В ней по вечерам с упоением рылась Клэр, а по утрам проясняла для себя непонятные моменты.
— Слушай, Дин, а ноги отчего болят?
— Там много причин, но почти все они связанны с материальными или экономическими проблемами. Чем ниже болезнь, тем из более отдаленного прошлого она тянется.
— Экономические, говоришь?
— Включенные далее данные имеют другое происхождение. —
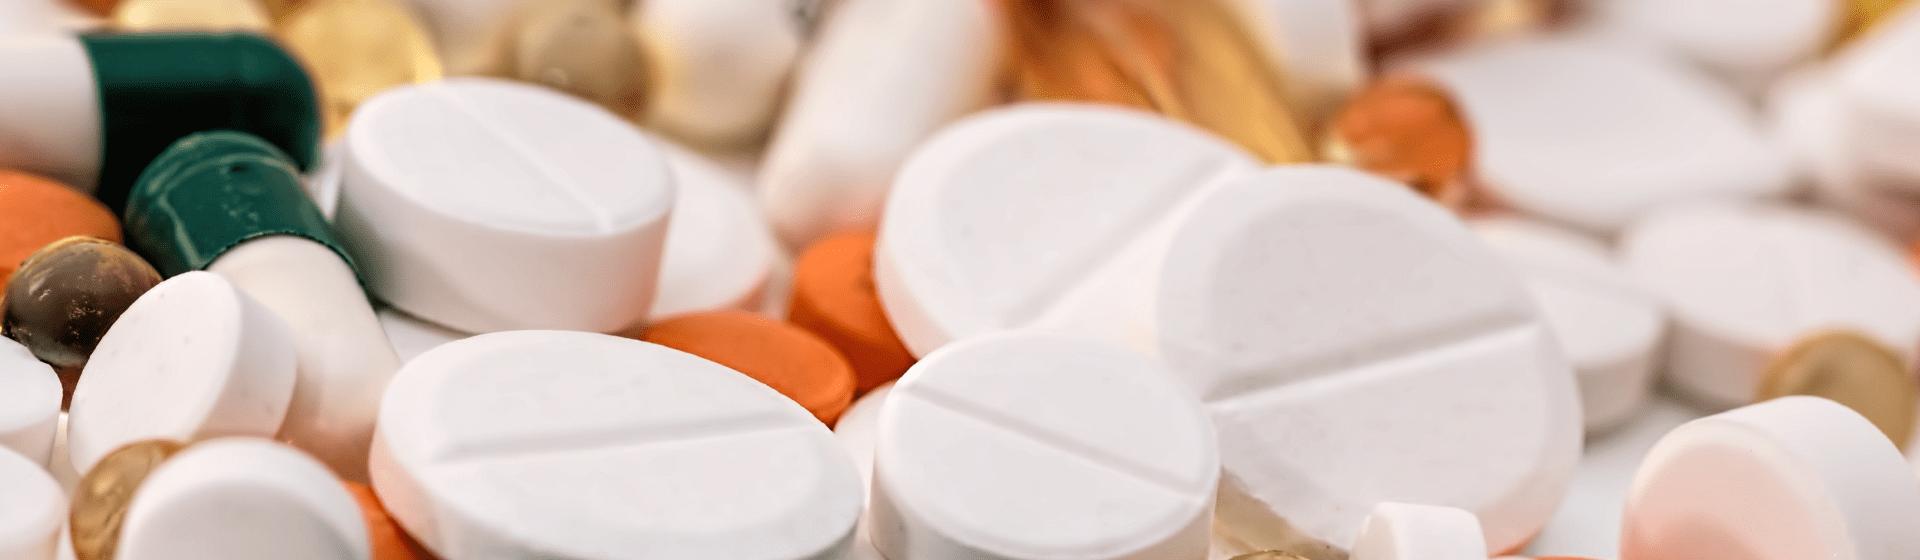 Medikamente mit Valsartan sind wahrscheinlich krebserregend.

Точно-точно. Помнишь, когда я пришла к тебе наниматься на работу? Я ведь тогда едва ходила. А потом ты предложила мне такую зарплату, что хворь сама по себе непонятно куда делась. Теперь-то я понимаю, почему. А слепнут люди почему?
— Ты имеешь в виду теряют зрение?
— Да.
— Потому что не хотят что-либо видеть или замечать, и тогда тело им в этом помогает.
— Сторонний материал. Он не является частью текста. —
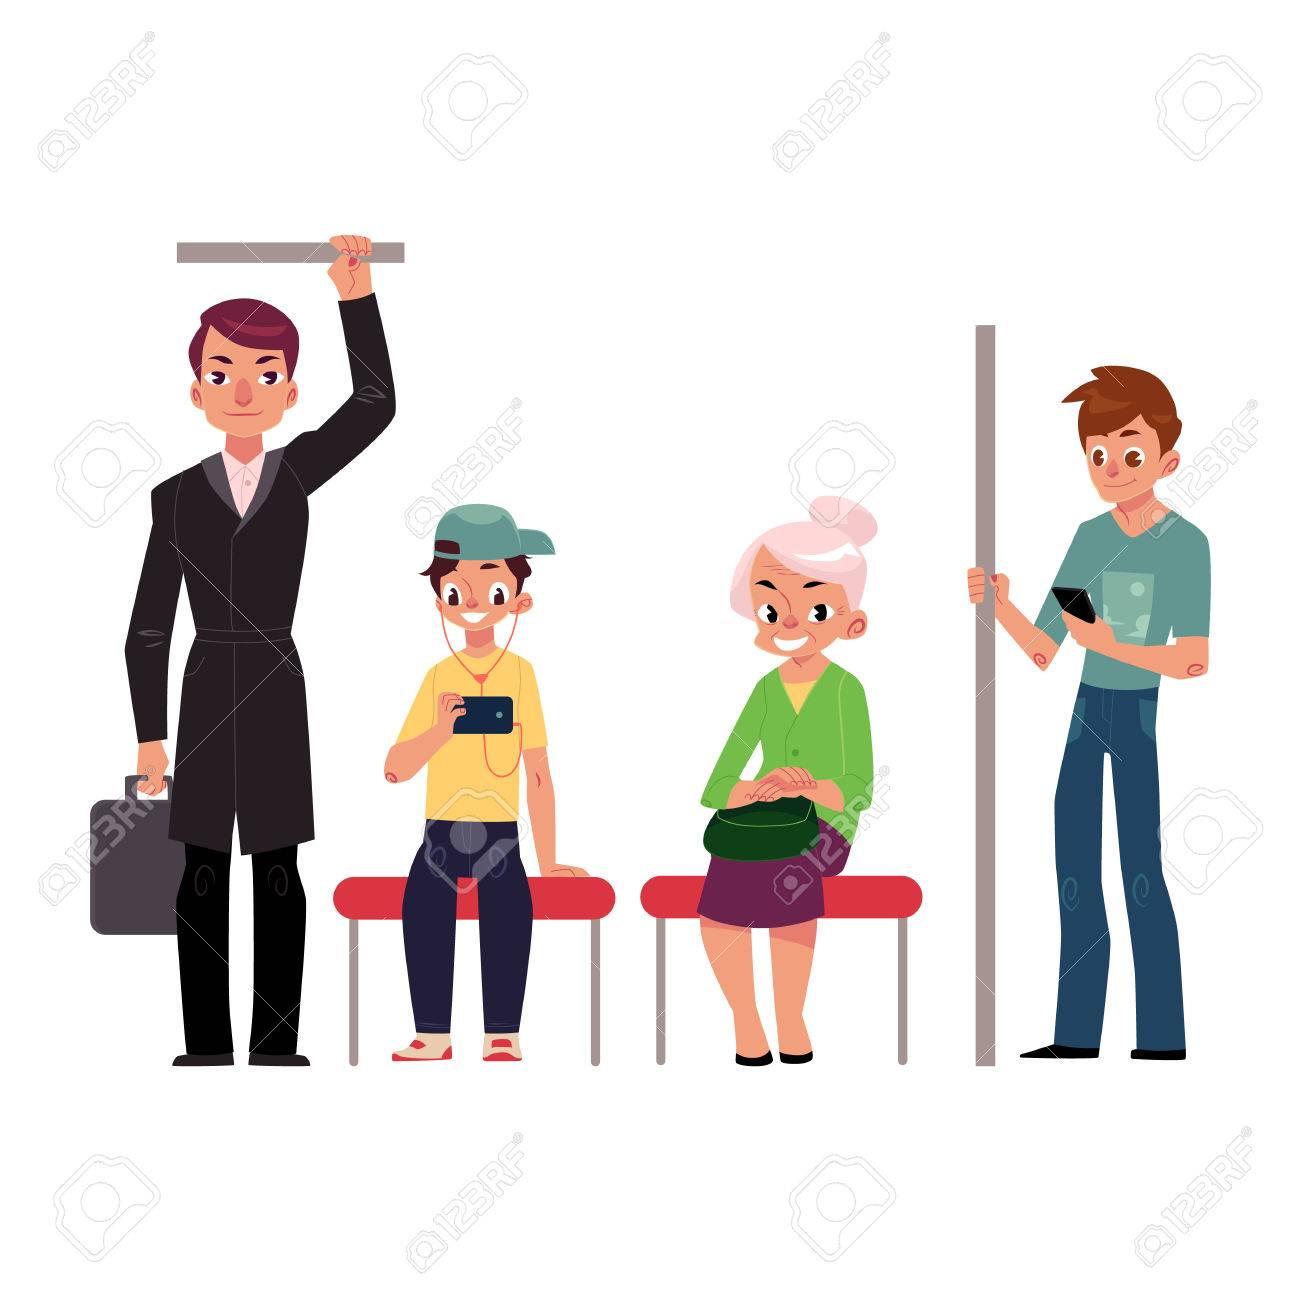 la gente joven y viejo sentado y de pie en el tren de metro

— Как это — не хотят? Все хотят видеть.
Взлетал в тонких пальцах нож, рубил колбаску теста на ровные квадратики — скоро их разомнут в «кругляши» и наполнят начинкой.
— Нет. Тут все хитро. Знаешь, иногда в голове возникает мысль: «Глаза б мои этого не видели!» или «видеть тебя уже не могу», то есть «не хочу на это смотреть» — замечала хоть иногда?
Подруга задумалась.
— Ну да. Когда ходила мимо переполненных мусорных баков в дешевых районах, никогда не хотела на них смотреть.
Я кивнула.
— А иногда не хочешь смотреть в лица нищих людей или замечать, что кому-то больно. Что кто-то просит милостыню и смотрит на тебя с мольбой, например. Да мало ли. Кто-то может не хотеть видеть собственных комплексов, а кто-то не желает замечать их в других. Иные не хотят видеть того, что вызывает в их душе стыд — вот тогда и начинает ухудшаться зрение. Тело помогает осуществить «мечту».
Клэр расхохоталась.
— Да уж — мечта!
— Там много причин на самом деле, и все они разные. Кто-то не желает замечать мелочи у себя под носом, кто-то не желает видеть далеко — смотреть в будущее — так проявляется близорукость и дальнозоркость. А вообще нужно смотреть конкретное заболевание — все вариативно.
— А глохнут почему?
— Не хотят слышать чего-либо. Нытья, жалоб, того, что их стыдят или упрекают, критики в свой адрес…
— Во как. А диабет?
— Диабет возникает у людей, которые вместо того, чтобы менять себя, хотят, чтобы изменились другие люди и тем самым сделали их жизнь легче и «слаще». Мол, «я же вам объяснил, в чем вы не правы, а теперь будьте добры что-нибудь с этим поделать. Исправьтесь, измените характер, начните совершать другие поступки». Или «я для вас сделал столько хорошего, а теперь для меня что-нибудь сделайте ВЫ». Кто ждет изменений в своей жизни от других или через других, тот и болеет диабетом.
— Неприятно. А звездочки на ногах почему появляется? Отчего возникает геморрой или сбои в работе с желудком? Как она — эта твоя женщина — все это объясняет?
Когда я уставала от объяснений, то лишь смеялась и отмахивалась — тонны вопросов, ну просто тонны. И все нужные, правильные, важные — ведь когда знаешь причину, всегда можешь себе помочь.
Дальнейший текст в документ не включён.